The next day I woke up with my phone still clutched in my hand.

No new message.

On one hand I was disappointed, on the other I was kind of relieved.

She was still a teenager and therefore nothing good would come out of it.

Days came and went. No new message from Bethany.

Like a weak man I searched online for updates on her Facebook profile and her Instagram page the next weekend. I just needed to feel close to her in one way or the other. Since that time when she and the other three teens had helped me and my father decorate our Christmas tree I had visited her pages more than I felt comfortable to admit.

When I logged on and found her profile this time I was met by a shock. Most of her pictures was gone. All of the sexy ones had been removed and instead there was pictures of a smiling girl surrounded by friends, or pictures from nature trips she had taken these last few months.

Like me, the experience from jumanji had probably changed her view on life as well.

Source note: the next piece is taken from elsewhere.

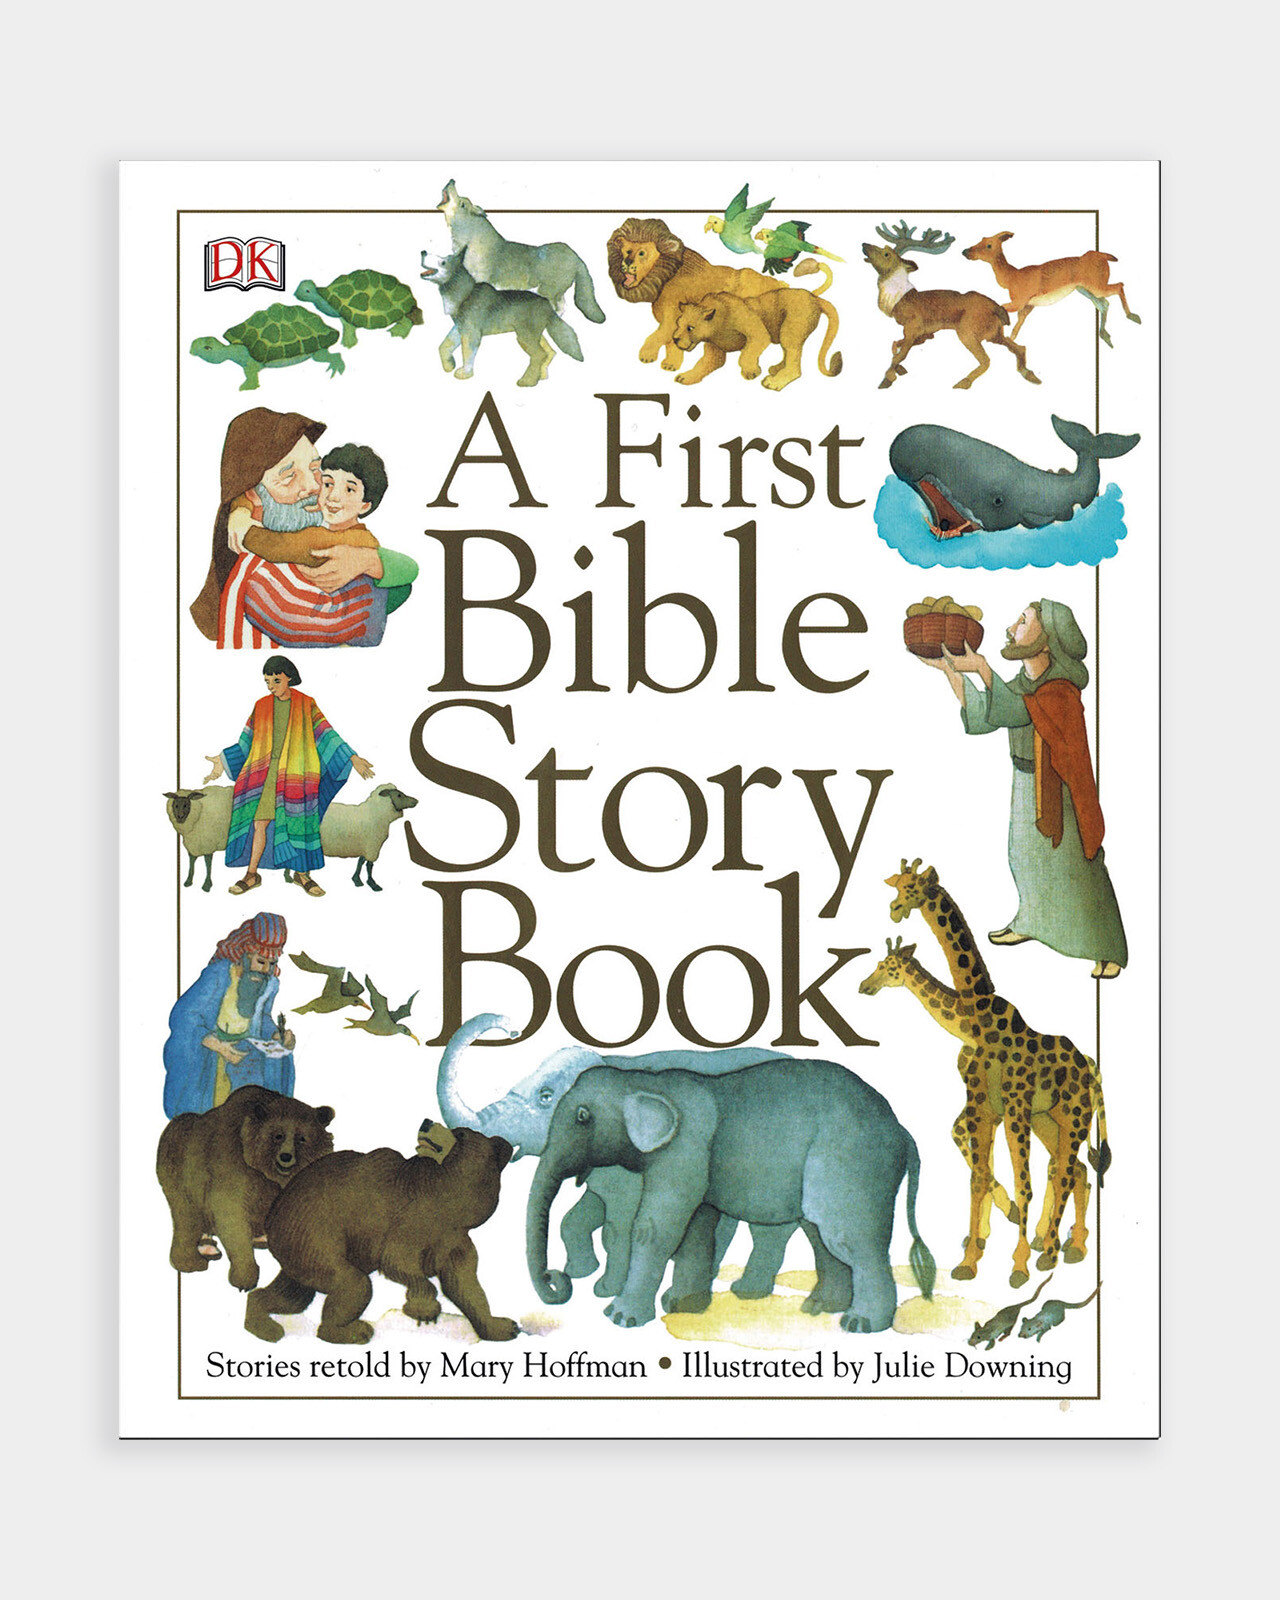 DK First Bible Story book | The Leprosy Mission Shop | The Leprosy Mission  Shop

Considering how jealous and excited I had been by those pictures I was glad they were gone. Nonetheless I missed them. They were a way for me to see her when I could not do so in real life. A way to still my hunger.

Without thinking about it I sent her a text message asking her why she had deleted her photos.

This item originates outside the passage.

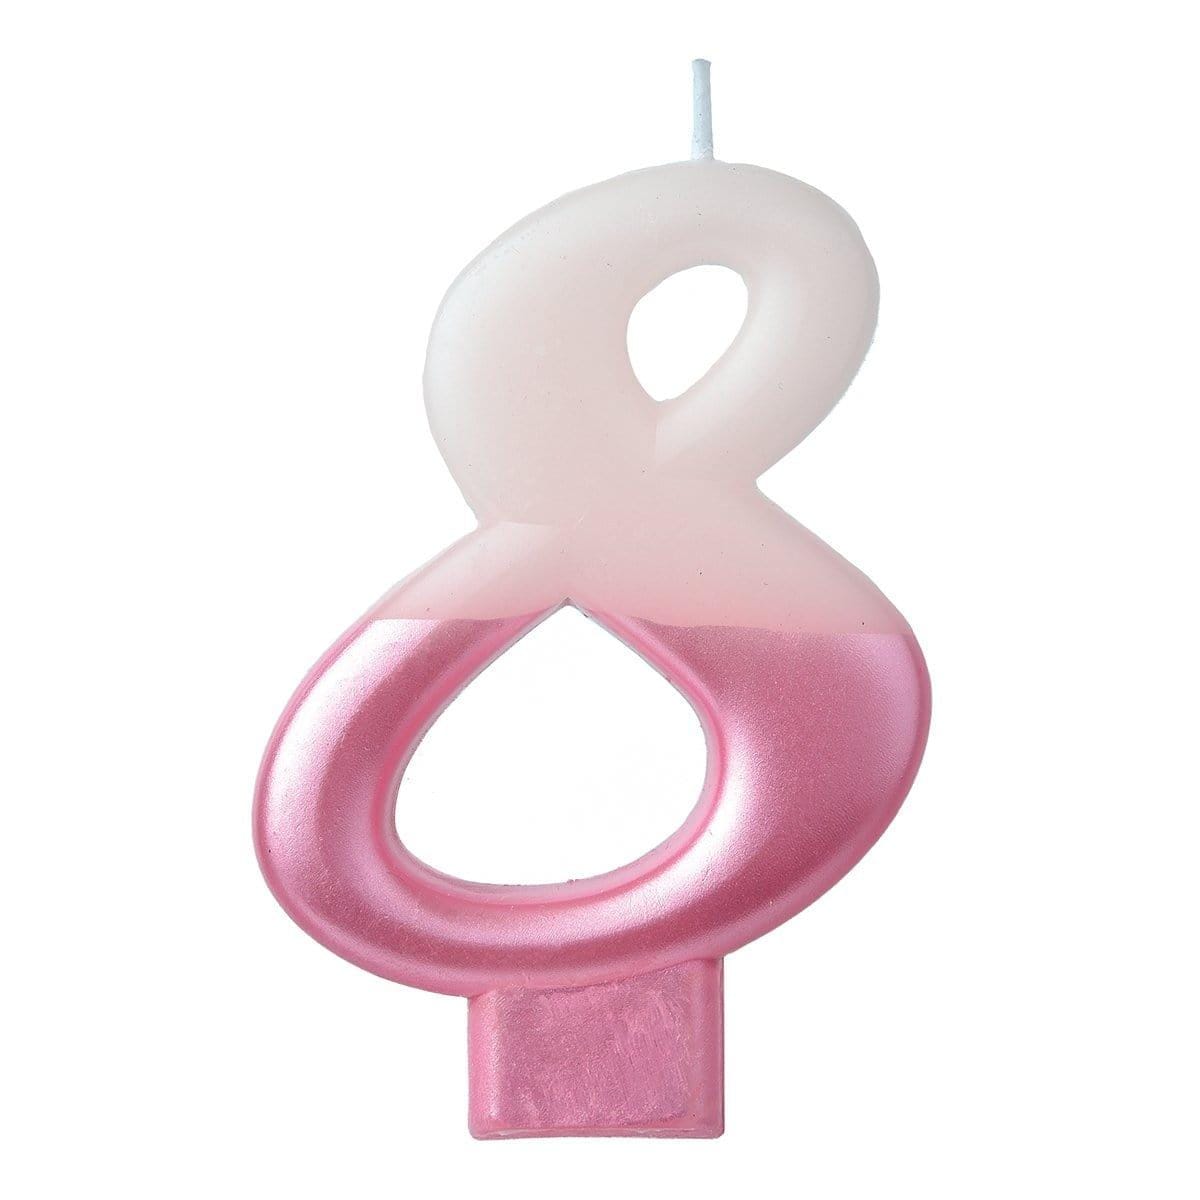 Buy Cake Supplies Pink Numeral Candle #8 sold at Party Expert

Before I could put down my phone again it beeped, signalizing a new text. It was a reply from her. She wrote "I do not feel like they represent who I want to be any longer." Not even giving me an opportunity to reply she sent another text "Why? Do you miss them?"

How do I answer something like that without sounding like the perverted man I was?

Of course I missed them, but seeing her in so little cloates was not something she should advertise online where everyone could see them. Selfishly I felt like they should be for my eyes only.

Acting more my age than I felt right now I relied with a "I think you made the right choice, somethings should be left in private." Her next text made my blood flow south "Do you want the private pictures?" Hell yeah, I wanted to send back. Instead I had to act as the grown up out of the two of us and wrote back, informing her that it would not be right for her to send those pictures to a man twenty years older than her.

Her next reply almost broke me "What if I want you to see them?" Oh, how I wanted to see them.

With sweat running down my face, and shaking fingers I typed, and retyped a message again and again.

In the end I just wrote back "It is not right." With those words I did not lie to her, I just told the truth. Luckily, for my health, she didn't text back.

oOoOo

An: little short, but I thought it was a good place to stop for now.